5 Common Injuries that Skiers & Snowboarders Experience
Skiing, Snowboarding, and Physical Therapy
Winter sports season is among us! Snowboard and skiing are among the top sport and recreational activities that can cause injuries that are severe enough to require medical attention. The good news is that a physical therapist can not only work on rehabilitating an injury, but they can help you prep and prevent future injuries.
Ski and snowboard season tends to flood mountains with people eager to hit the slopes. While both activities can be dangerous if you don’t use the proper techniques, skiing tends to be safer than snowboarding as you have more stability and control over your body.
What are some common injuries?
Wrist injuries: Falls are the most common cause of wrist fractures and sprains. These injuries are caused when snowboarders lose their balance or catch an edge and attempt to break the fall with their hands.
Tip: Wear wrist guards. To avoid wrist injuries try to remember not to extend your hands out when you’re falling and always ride in control.
Ankle Sprains and Fractures: Both ankle sprains and ankle fractures are more common in snowboarders than in skiers, mainly due to equipment differences.
Tip: Hard-shell, rather than soft-shell boots, may be more likely to protect against ankle sprains.
Spinal Cord Injuries: Snowboarding is considered an “extreme sport” and enthusiasts often push the limits of their ability doing tricks on half pipes and jumps. Although still relatively rare, the incidence of serious spinal injuries is on the rise.

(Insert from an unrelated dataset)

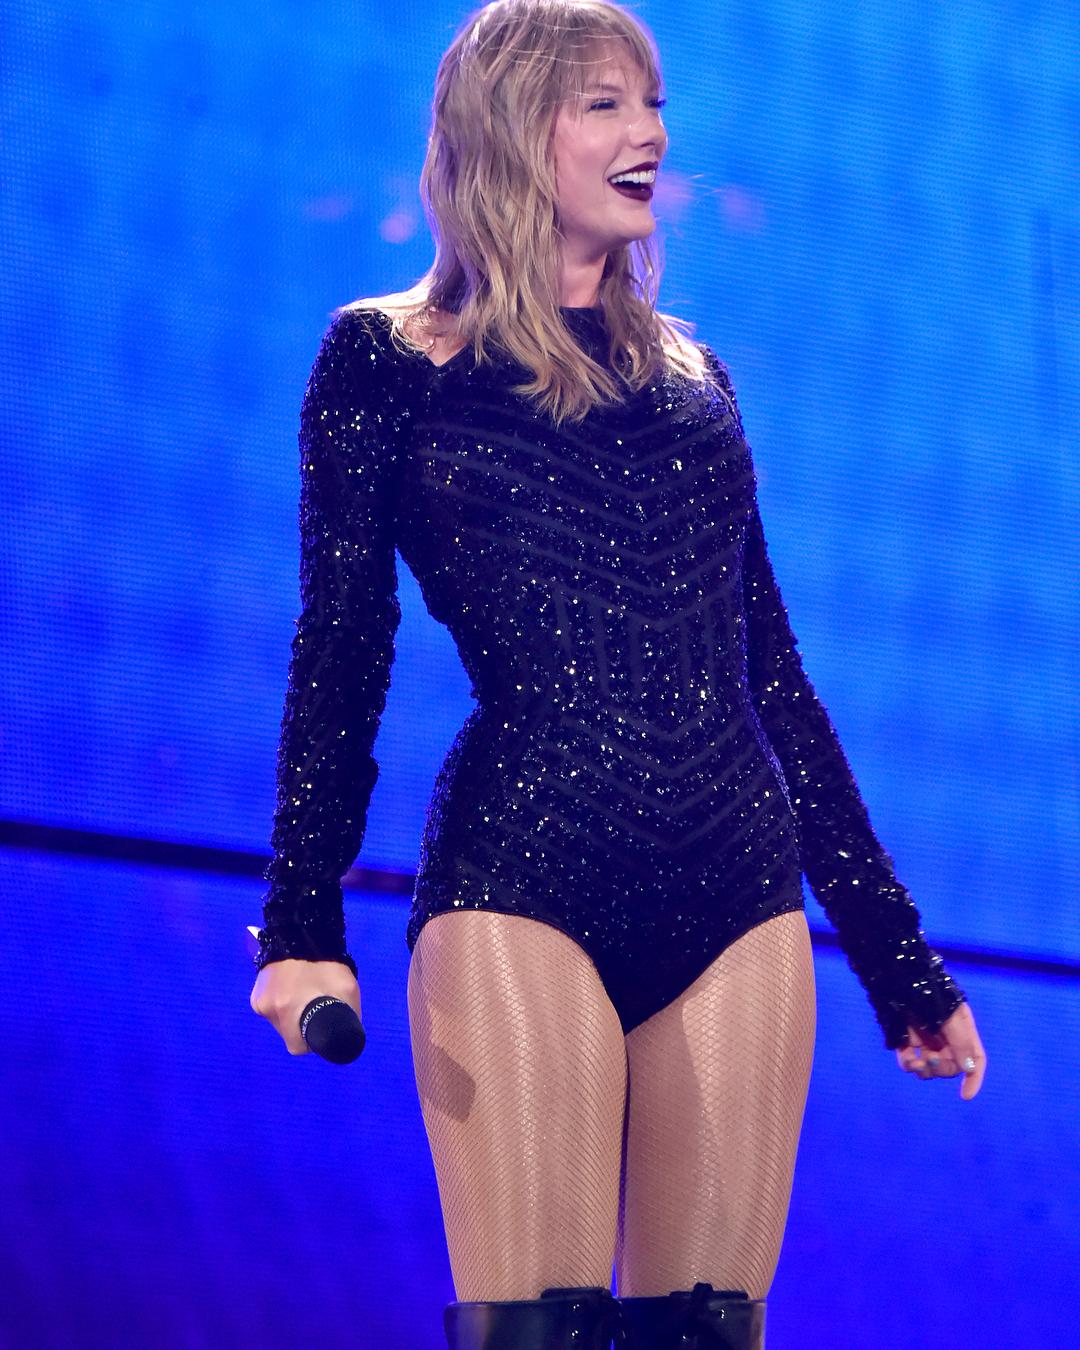 Dünyaca ünlü güzel şarkıcı Taylor Swift sexy siyah kıyafeti ile konserini izleyen hayranlarını büyülemeyi başardı. En güzel yabancı ünlü kadınların HD resimleri bu sitede.
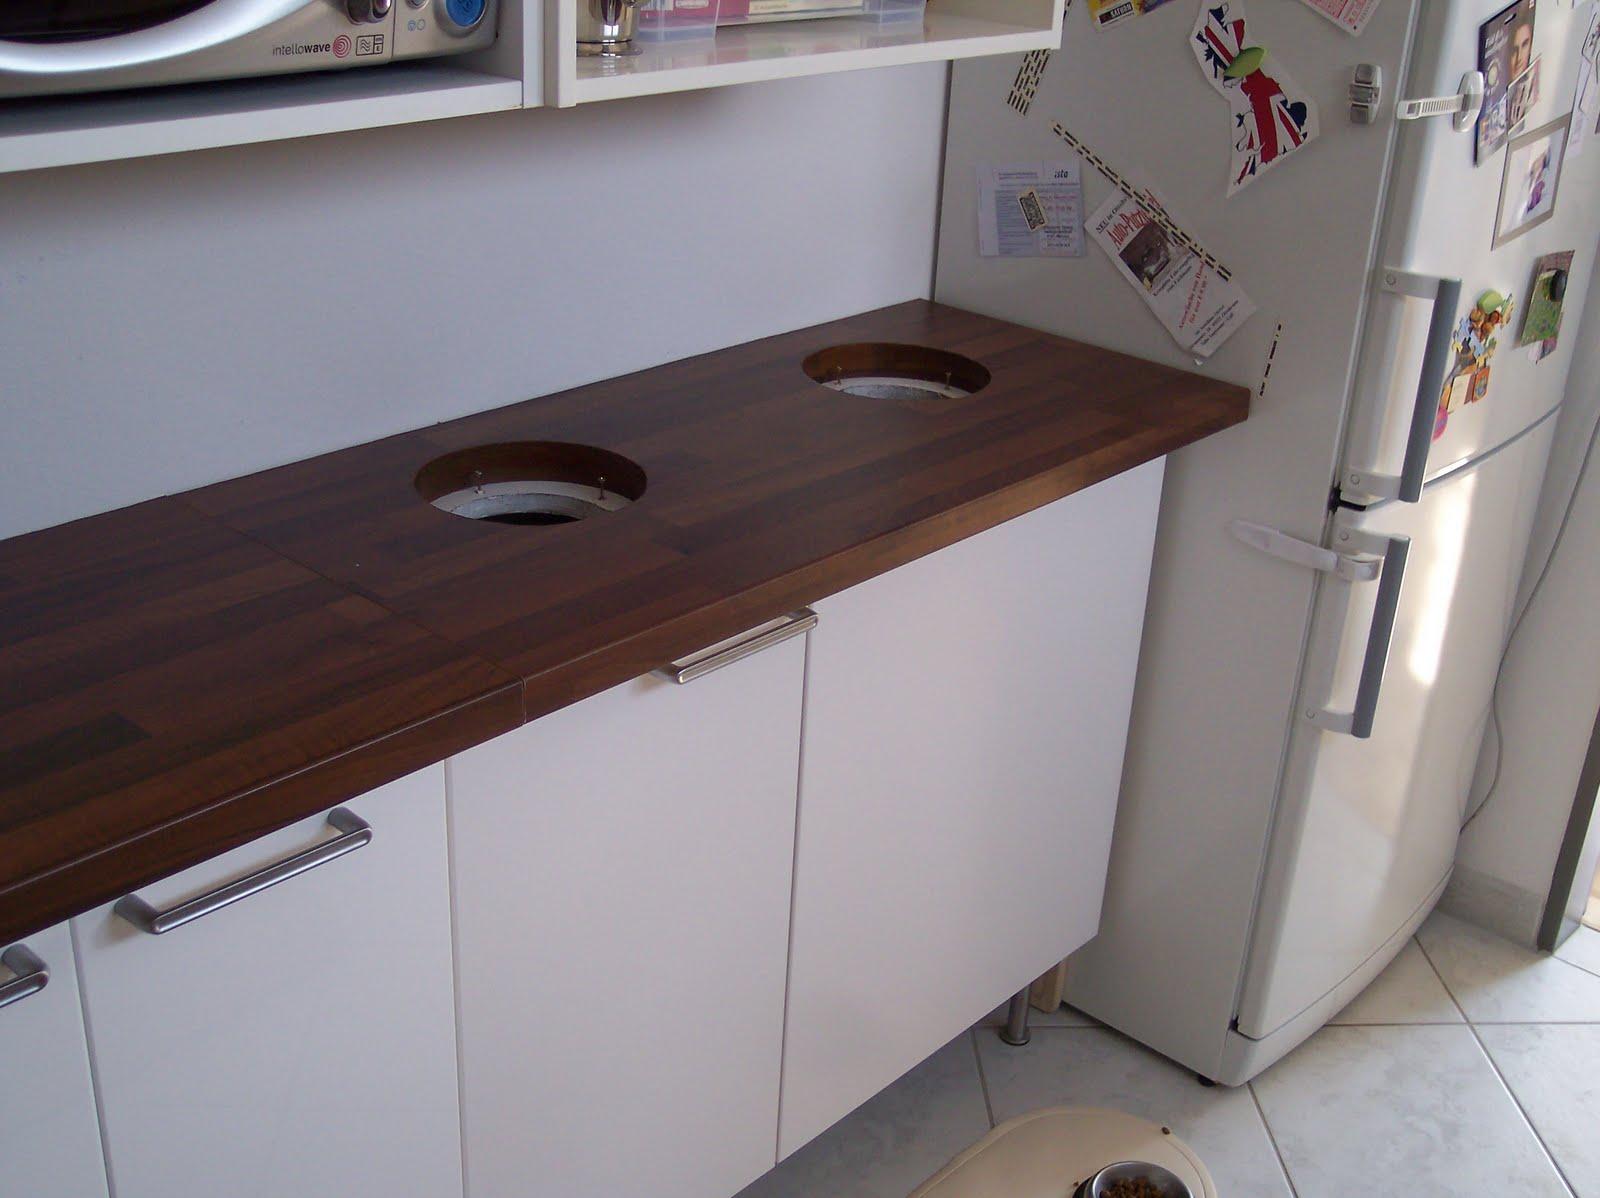 Uncategorized Kitchen Cabinet Recycle Bins recycling bin solution ikea hackers solution

Tip: Wear a helmet and take lessons from a qualified instructor. Avoid attempting stunts without proper instruction, practice, and protection.
Head Injuries: While head injuries account for only a small number of total injuries among skiers and snowboarders, they are the number one cause of death and serious injury for people engaged in these sports.
Tip: Helmets do little to reduce the risk of concussion, but they do prevent more catastrophic injuries like skull fractures. The most important things to remember to avoid head injuries are to ride within your ability, be aware of other skiers and riders on the mountain, and always feel as though you can make a quick stop if someone pops out of nowhere.
ACL injuries are at higher risk for people who go skiing. This typically occurs when the feet are pointing in one direction, but the body twists in another.
Tip: Make sure you have done some squats, deadlifts, and balance training prior to skiing or riding. These will help you sustain the loads impacted on the body during these fun and aggressive sports.
It’s always a good idea when first learning how to ski or snowboard to start slow, and take it easy. If possible, lessons from a seasoned skier/snowboarder are encouraged. Don’t be afraid to start on the bunny hill! This hill is designed for people just learning how to control their body and their skis/snowboard. The best thing you can do to prevent injuries is to start slow and build up to higher-level slopes.
How can Physical Therapy help?
These two winter spots require your full body in order to prevent injury. By ensuring you have a strong core, legs, and balance, you can help yourself succeed on the mountain. Physical therapy is a great way to assist you during your winter adventures! Here are a few things physical therapy can treat in the unfortunate event that you do injure yourself:
Concussion – Physical Therapy is often very beneficial following a concussion. Research shows both faster and more complete recovery when those who have sustained a concussion come to physical therapy.
Ankle sprains – Combined manual therapy, balance training, and strengthening are integral parts of recovery following ankle sprains. Those who have had a previous ankle sprain are at least 4x as likely to sprain that ankle again. You can reduce recurrent injury by ensuring full recovery and strength in physical therapy.
ACL injuries – Physical therapy is an integral part of recovery after ACL surgery and is also key if one chooses not to have surgery done. Physical Therapists can also discuss brace recommendations for returning to skiing following knee injuries.